■ **Work instruction**:
Reproduce exactly only the lines from the line that holds "دراسة علمية حديثة" to the line that holds "History of Julius", inclusive, in the listing below, and please leave out every picture.

■ **Data extract**:
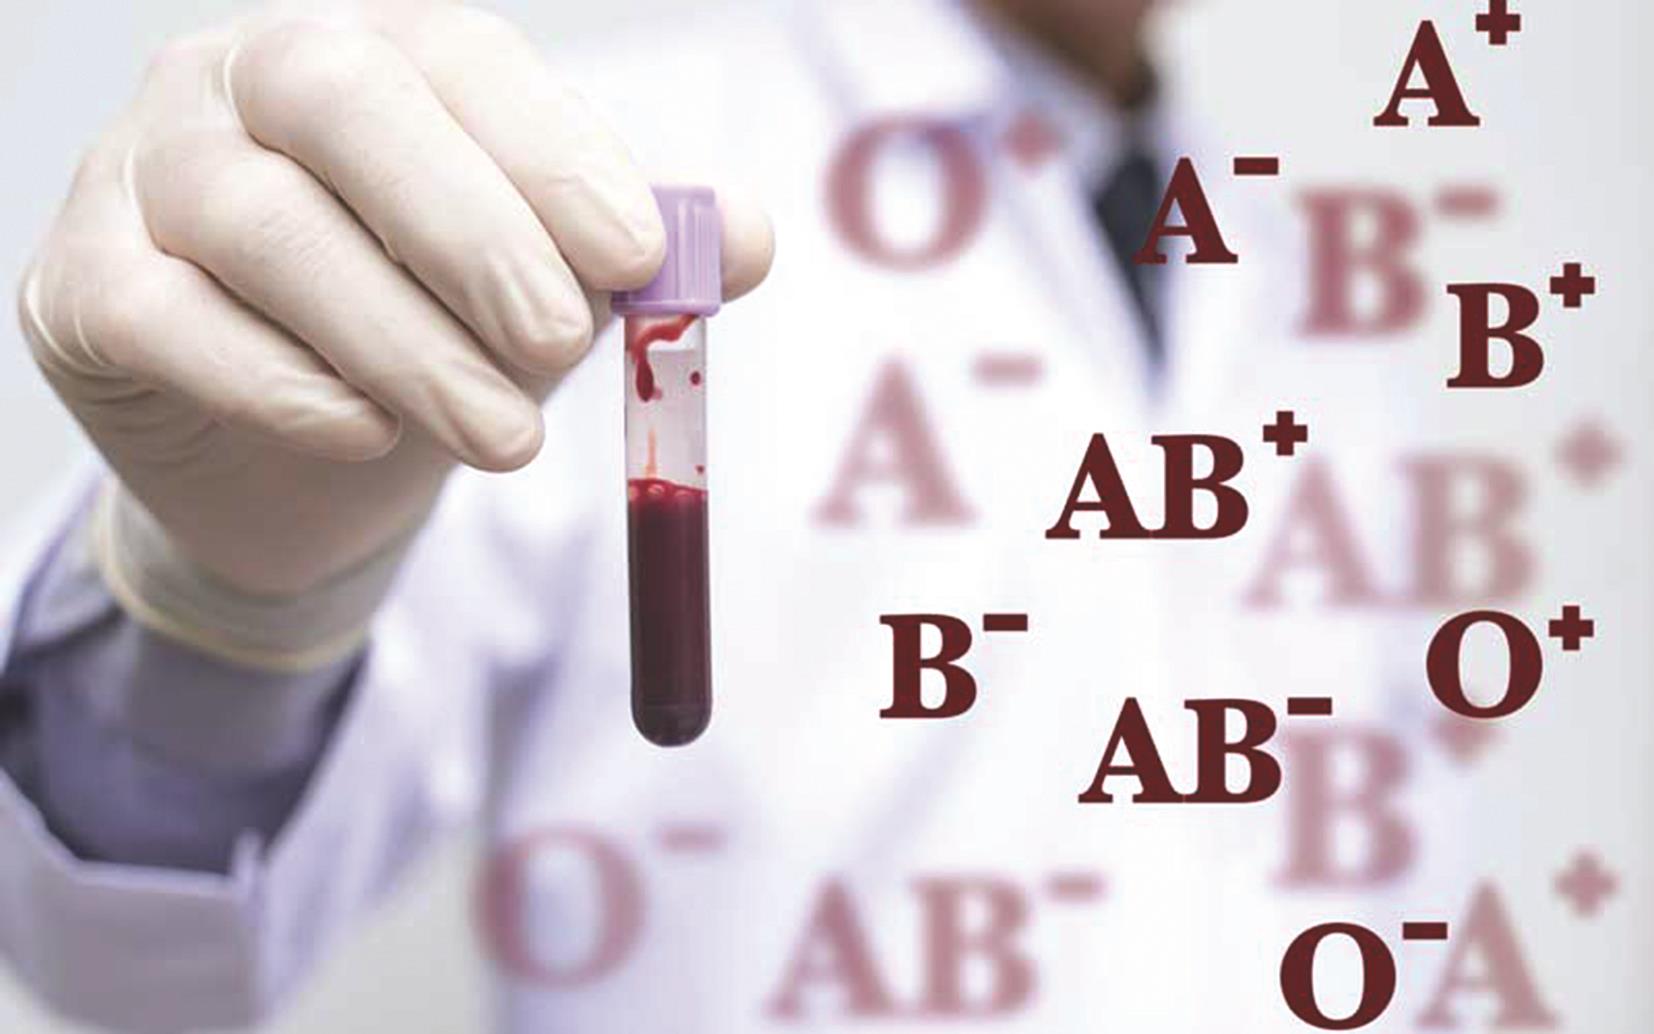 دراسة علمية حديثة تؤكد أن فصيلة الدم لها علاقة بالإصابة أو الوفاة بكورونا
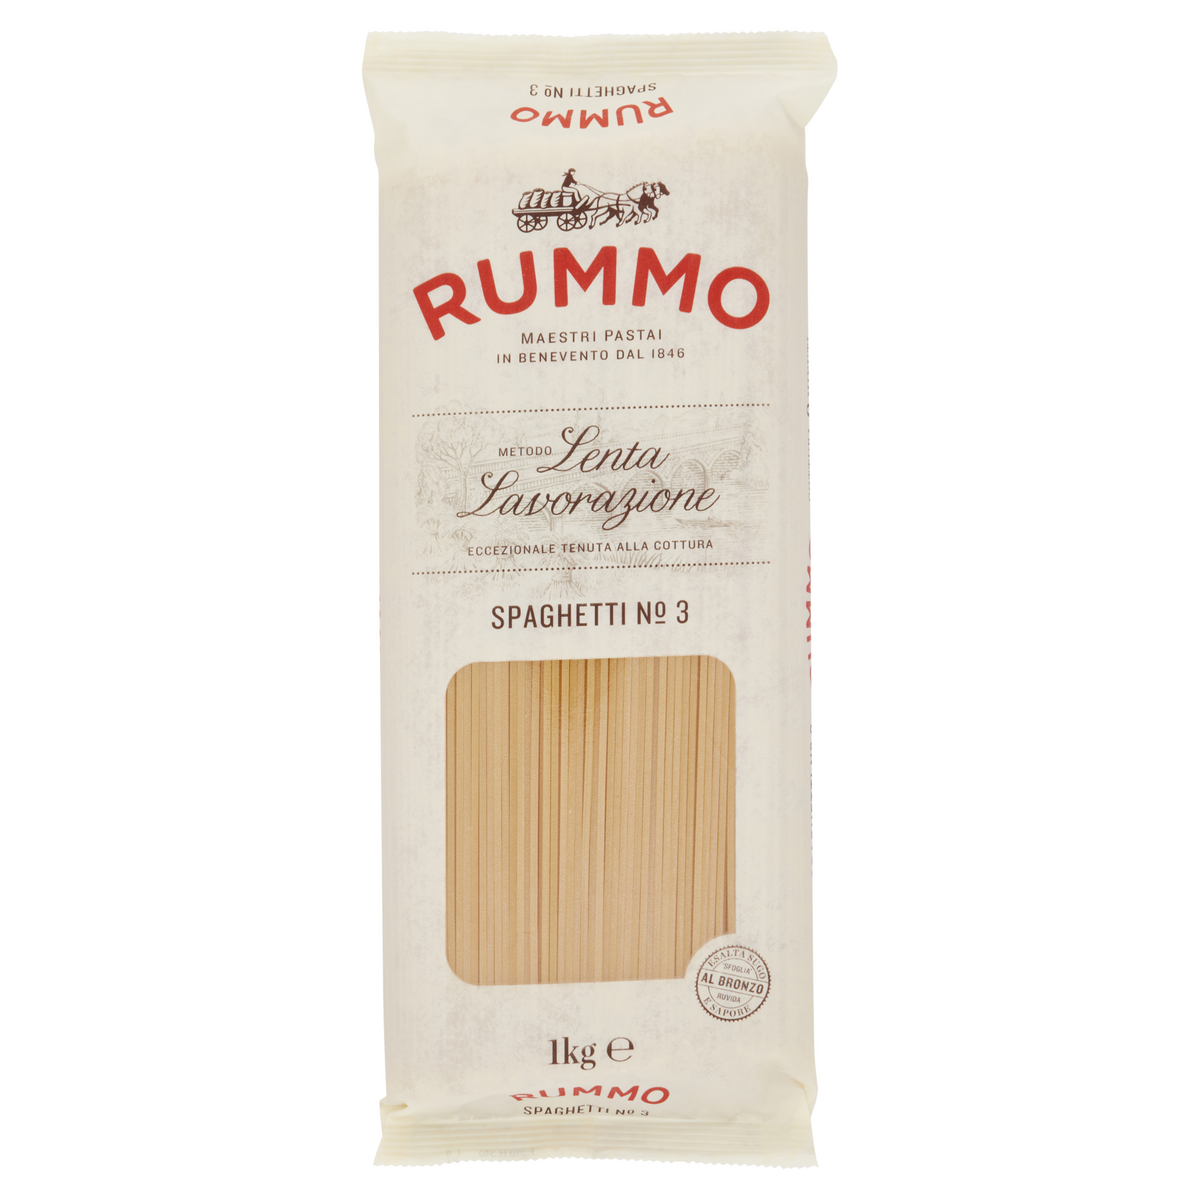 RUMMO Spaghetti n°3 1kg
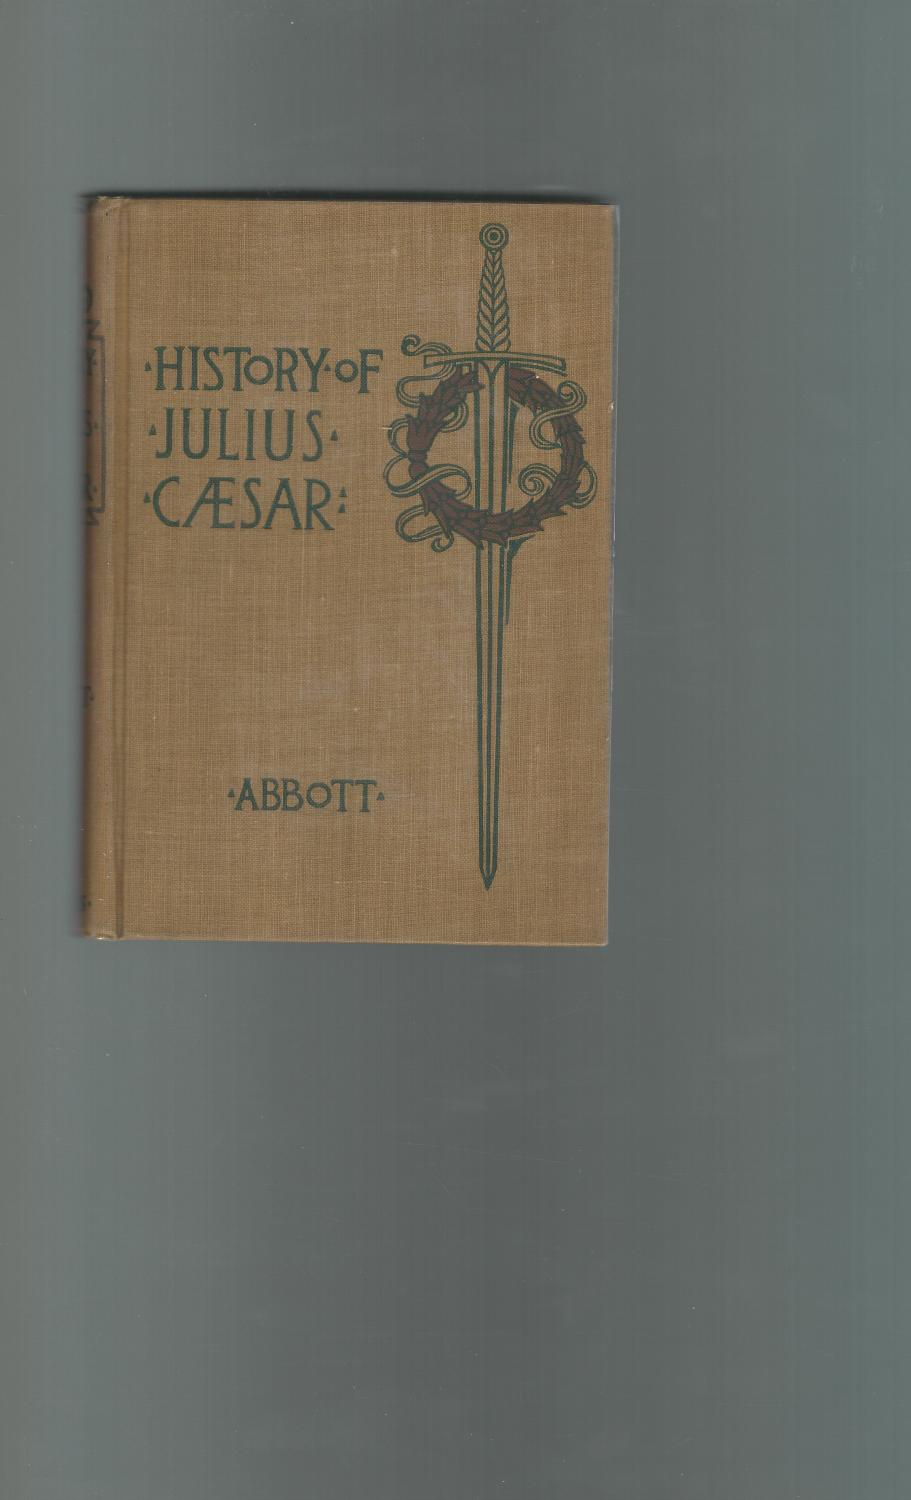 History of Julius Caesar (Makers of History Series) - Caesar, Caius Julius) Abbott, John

--

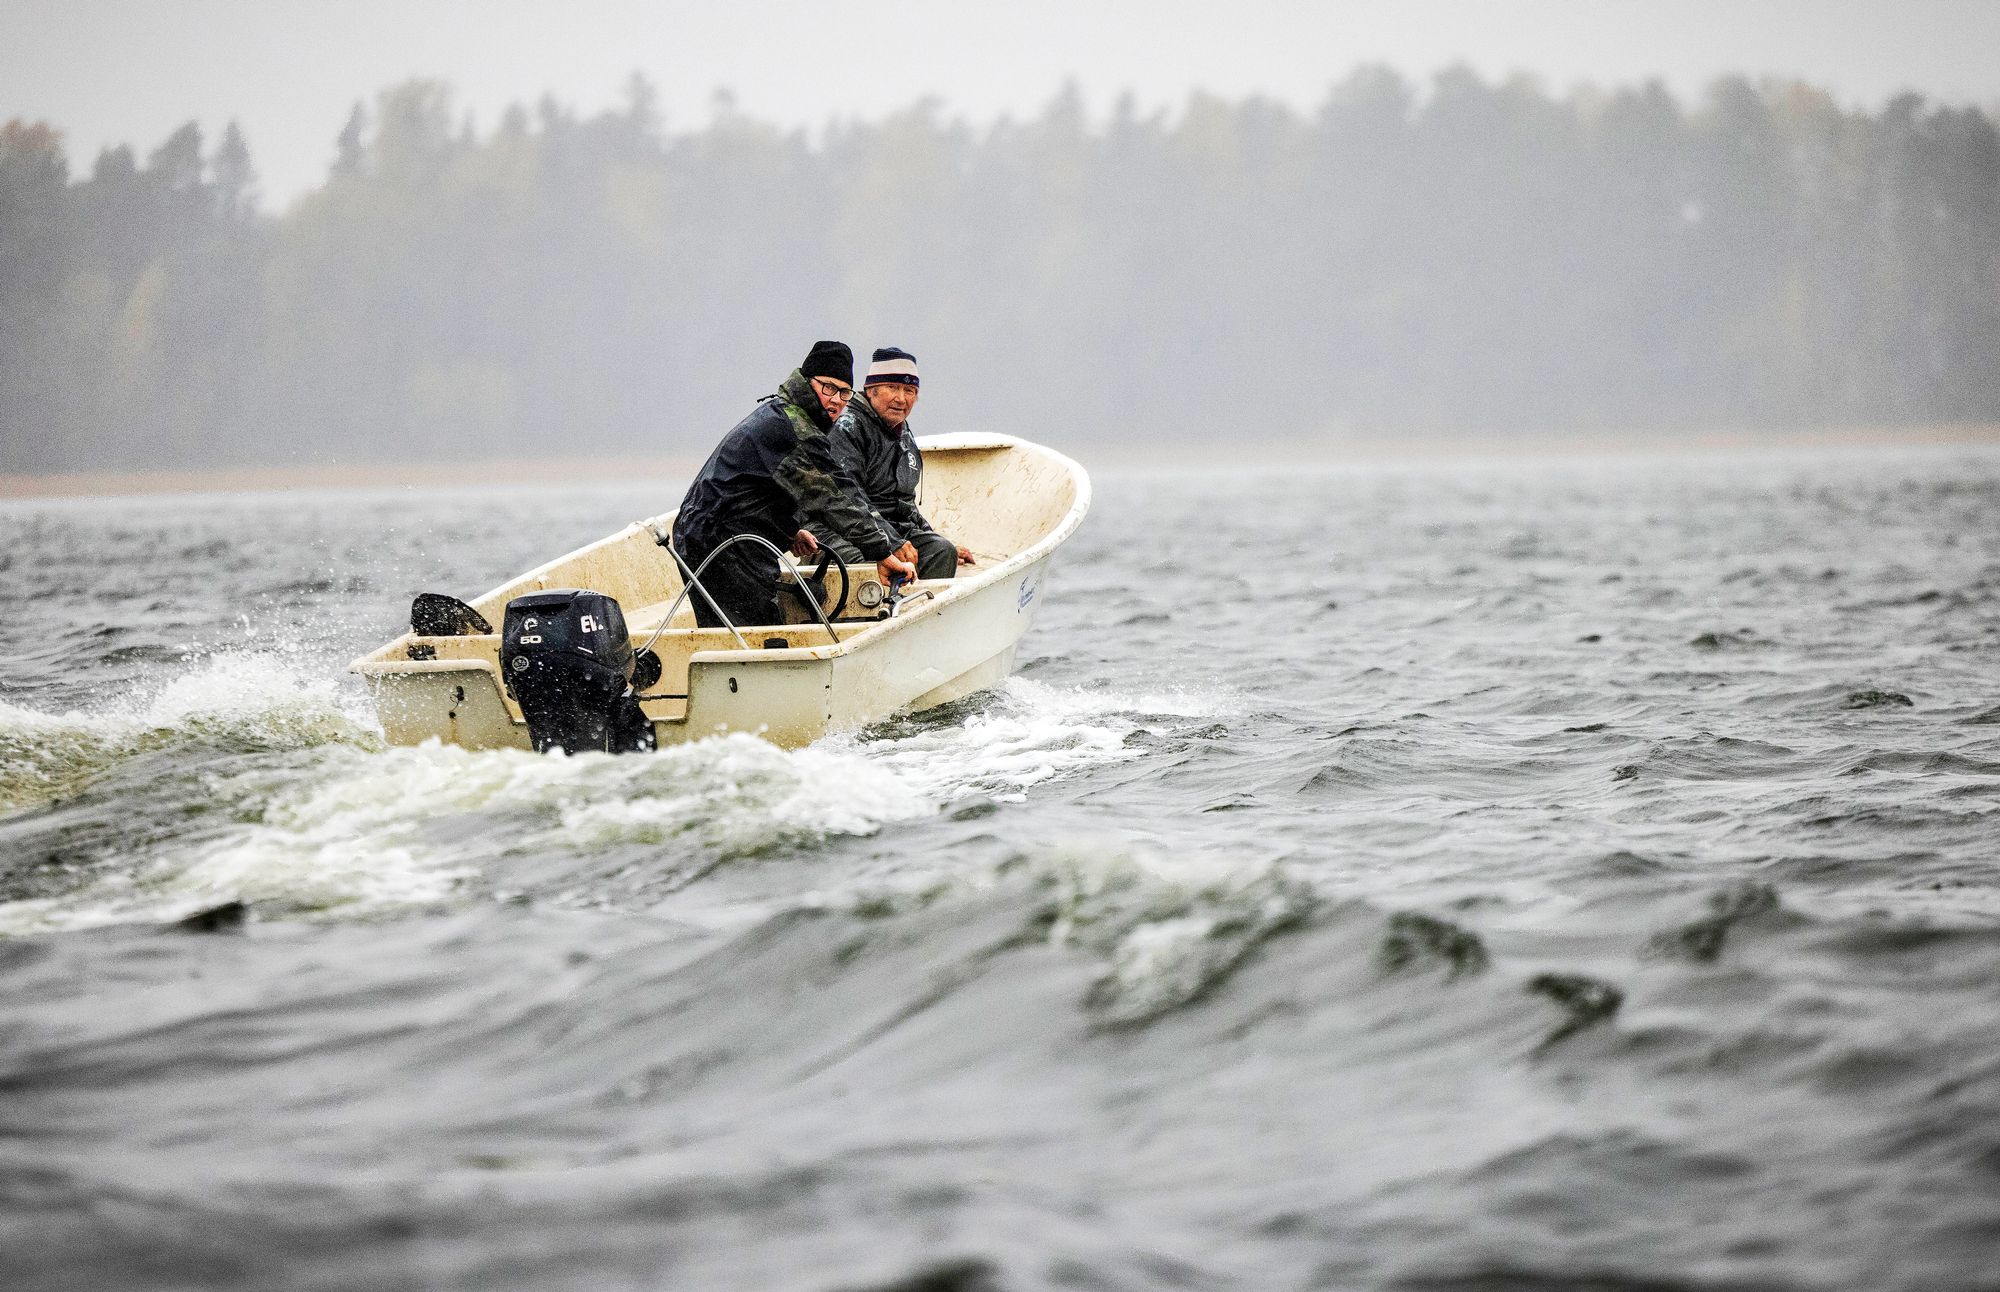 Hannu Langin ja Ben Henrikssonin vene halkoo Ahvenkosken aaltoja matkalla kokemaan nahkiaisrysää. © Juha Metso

■ **The answer**:
 دراسة علمية حديثة تؤكد أن فصيلة الدم لها علاقة بالإصابة أو الوفاة بكورونا
 RUMMO Spaghetti n°3 1kg
 History of Julius Caesar (Makers of History Series) - Caesar, Caius Julius) Abbott, John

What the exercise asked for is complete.